Games at Olympia

 

Georgia showing us Olympia, May 2023.

The sun doesn’t always shine in Greece. Yesterday there were a few showers when we were at Olympia.

I don’t think you want to read a disquisition about the site and museum any more than I want to write it. So my plan is to pass on some of the things Georgia told us that I found of interest. The games were initiated around 750 BC when the constant wars between Athenians, Spartans and the rest was becoming a problem. Two kings went to the oracle at Delphi and were advised that friendly athletic competition under a truce would bring the Panhellenic world together. Hitherto the games at Olympia had been strictly a local derby.

The games were conducted over just five days but the truce was for some three months. Six weeks before the games, held in July or August dependent on the moon, heralds (in groups of three) were sent to all the Greeks living around the Mediterranean declaring the truce and announcing the date of the games. The ethos of the games was to encourage competition but in a state of grace. There were temples and sacrifices and a side show of philosophers teaching and talking. The events were only open to men, although later women were allowed one day of races, and the men competed kit off. The most important event was a foot-race run over 192 metres, the length of the stadium. The winners were immortalised in bronze statues and gained much respect. The also rans didn’t count and were ignored.

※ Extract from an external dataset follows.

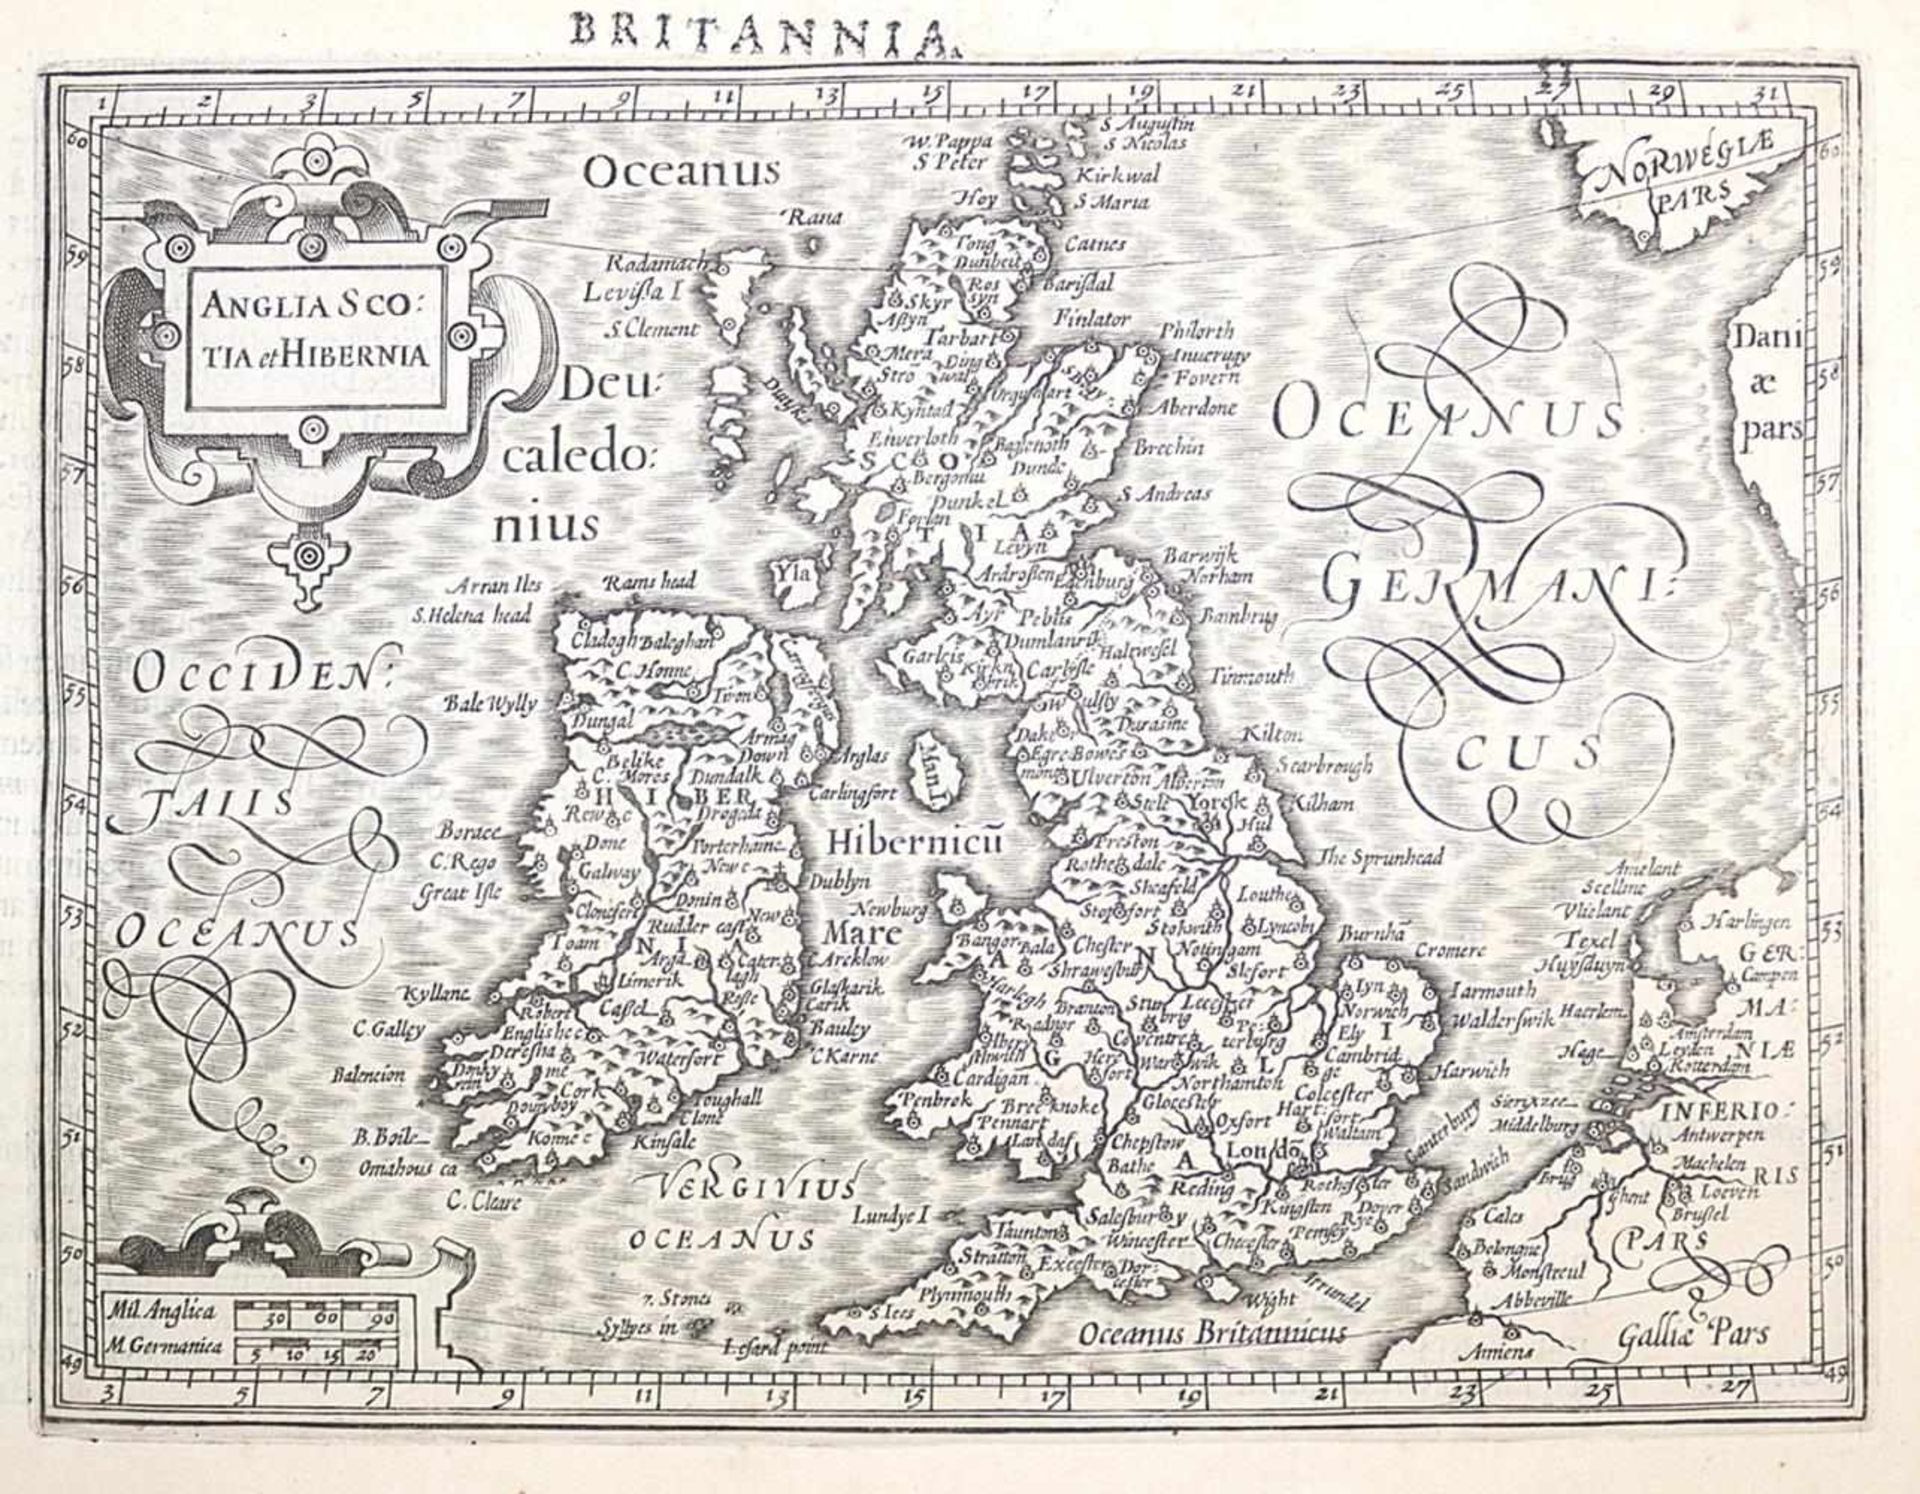 England.England. 9 Kupferstichkarten, 1632. Blattgröße 16,5 x 21 cm. Aus: Atlas siveEngla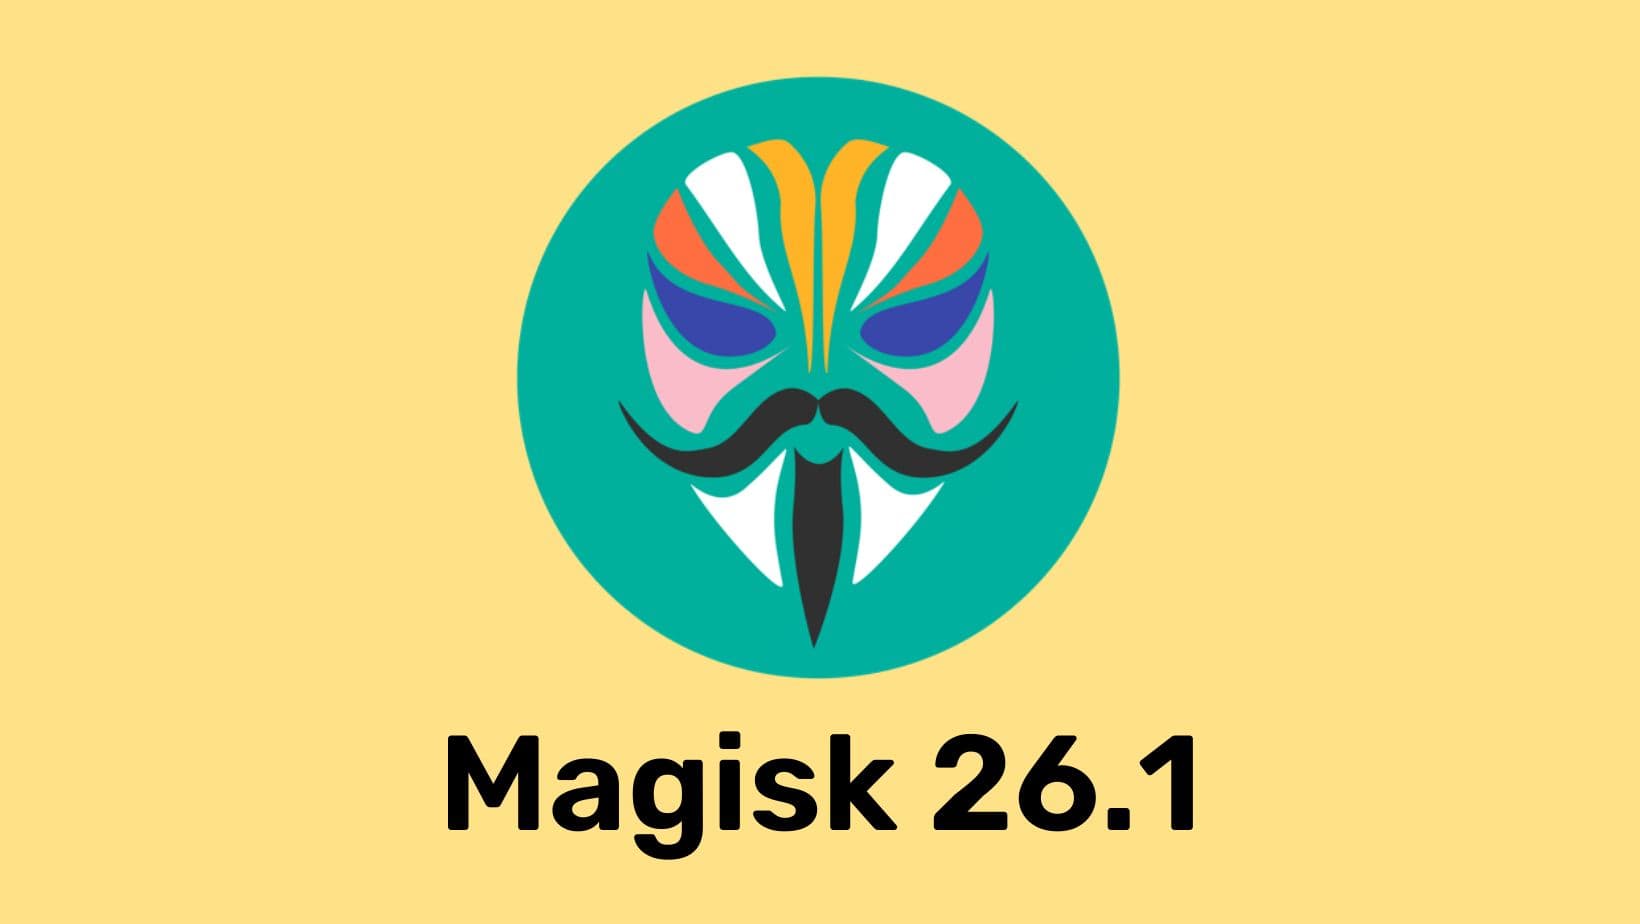 Download Magisk v26.1 ZIP and APK HotFix Update

The games were to be played fairly but as still happens there was some rigging and, if discovered, the miscreants were also depicted in bronze as a mark of shame and their cities banned from participating for the next two games, held as now every four years.

The museum, adjacent to the site, is remarkable in many respects but I have exceeded 300 words and will keep it short.

Bronze Cauldron, May 2023.

Bronze Female Winged Figure, May 2023.

The Nike of Paeonios, May 2023.

Hermes of Praxiteles (340 – 330 BC), May 2023.

“Found during excavations at the temple of Hera in 1877. The messenger of the gods, charged by Zeus to take the infant Dionysos to the Nymphs, who were to nurse him, rests on the way having thrown his cloak over a tree trunk. In his raised right arm he was probably holding a bunch of grapes, a symbol associated with the future god of wine. Dionysos reaches out for it.

The sculptor brought out the beauty of the figure by expressing the Olympian serenity of the god’s face and the harmony of his body. The highly polished surface adds to the graceful and soft characteristics of the art of Praxiteles.” (Archaeological Museum of Olympia)

There are some who are less enthusiastic. The sculptor Aristide Maillol opined, “It’s kitsch, it’s frightful, it’s sculpted in Marseille soap”.

The games were instrumental in bringing peace and unity to the Panhellenic world enabling the Greeks to defend themselves with mixed results against the Persians.